From my perspective, these concerns misrepresent the role of the counseling center and create a straw man out of the idea of neutrality. Beginning with the latter, as insights from clinical psychology have long made clear, neutrality is a false concept. As therapists, we are never neutral, just like we are never blank slates. We bring into the counseling space all our selves, identities, personalities, attitudes and so forth. These inform our perspectives, views, interventions and ways we relate to self and other. Moreover, as we are in dynamic relationships with our patients and our student populations, our stances are co-constructed in ways that also do not allow for neutrality. Just as signaling can be interpreted in two ways, so too, can not signaling.

So, if we are not neutral, what are we? I would argue, following Orange, that counseling centers are places to find the suffering stranger outside of us and within us. This means that we as counselors are open-minded, reflective and thoughtful. It means that we consider how our nonneutrality impacts ourselves and our communities and work to ensure that even when there may be disagreement or difference that we are willing to consider and learn from other perspectives. Moreover, it means that in our nonneutrality, we acknowledge that some may feel more included and excluded at various points in time. Even while we work to lower barriers to some, we acknowledge that this may raise barriers to others. This is not seen as excluding others but rather a fundamental part of the process of creating accessibility to the counseling center.

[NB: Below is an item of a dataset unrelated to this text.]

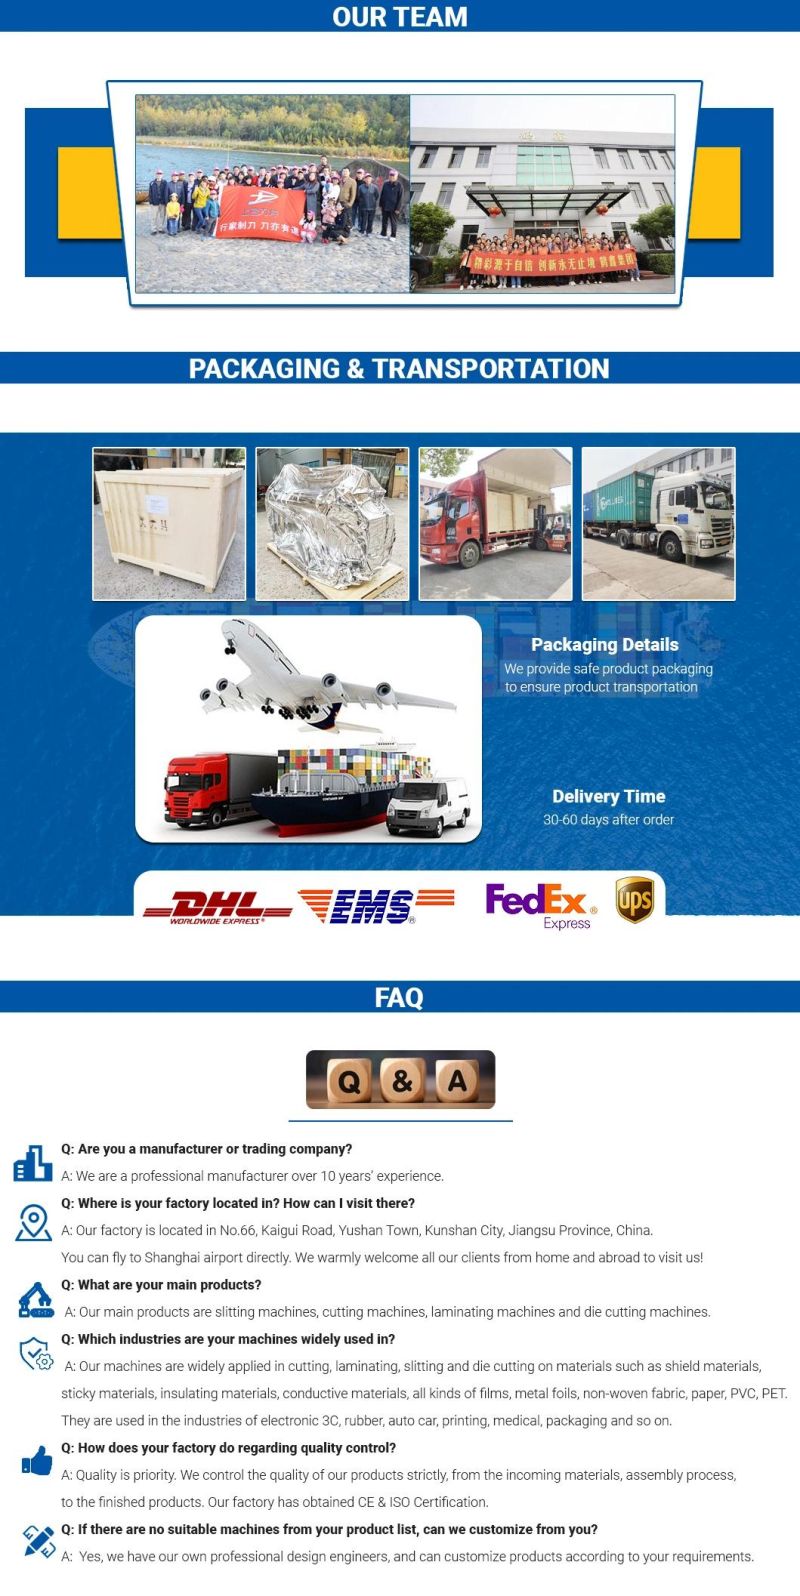 Online New Hexin Copper Foil Cutting Machine for Satin/Elastic/Adhesive Tape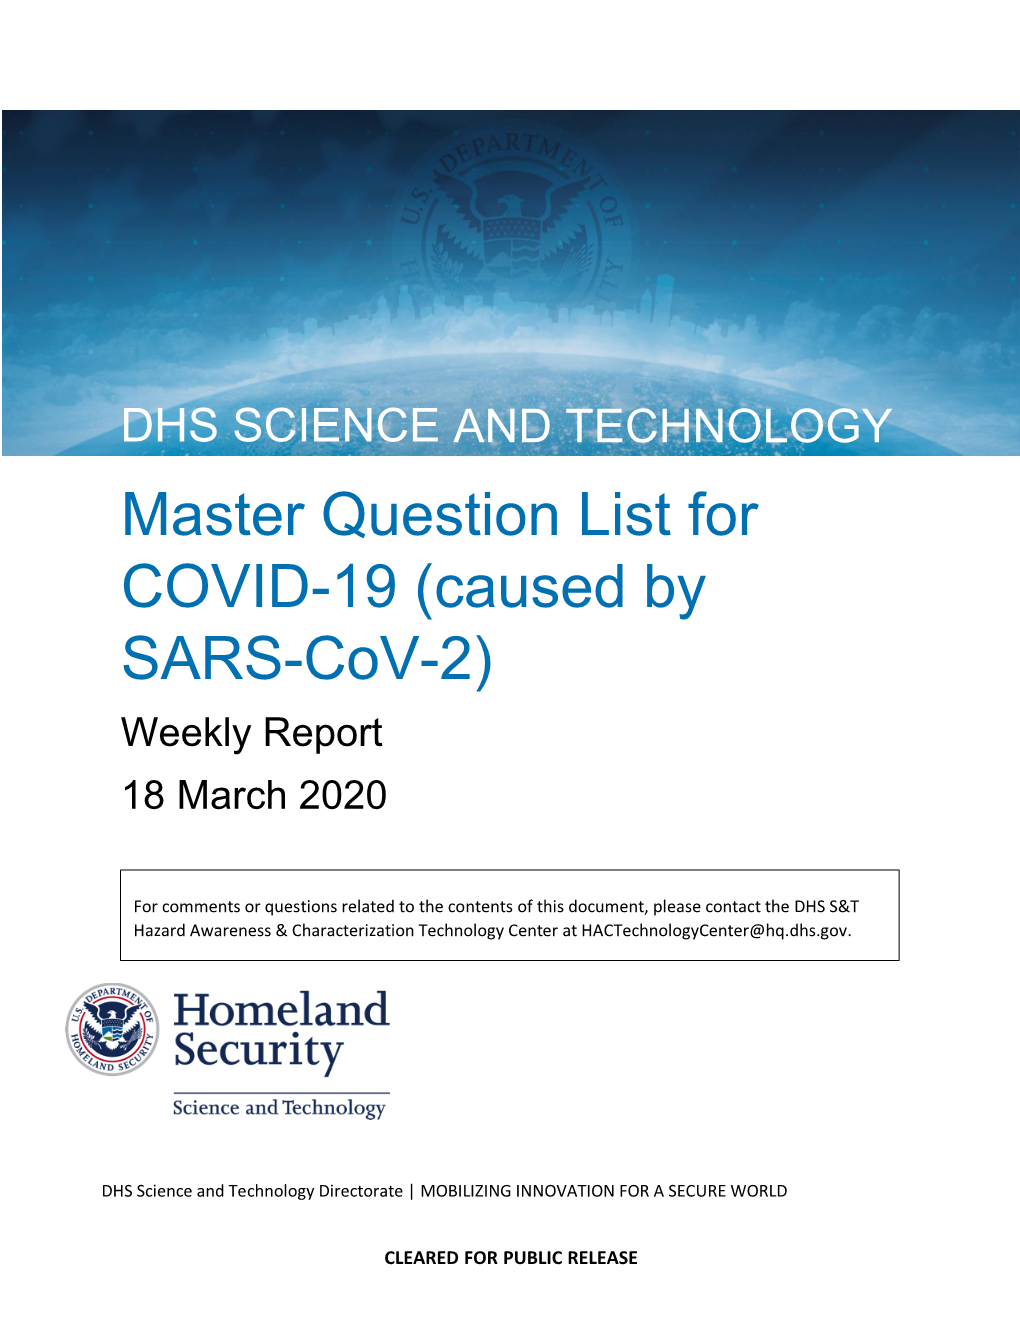 Master Question List for COVID-19 (Caused by SARS-Cov-2) Weekly Report 18 March 2020

This general process—of developing a sensibility of curiosity around difference and a willingness to embrace discomfort—seems relevant not only to counselors but also to student affairs staff, faculty and others in student-facing roles. Just as we ask our students and student patients to tolerate the anxieties that can come from not knowing or encountering different worldviews, we do the same. Departing from concepts of neutrality does not mean losing our ethics of care. Indeed, it is precisely the opposite. When we hold on to a false concept of neutrality, we sort the world in black-and-white ways. It is when we can acknowledge where we stand that we are able to move into more nuanced ways of viewing the self and other. It is here then that we can provide services and, more importantly, support students.

Philip J. Rosenbaum is director of Counseling and Psychological Services at Haverford College.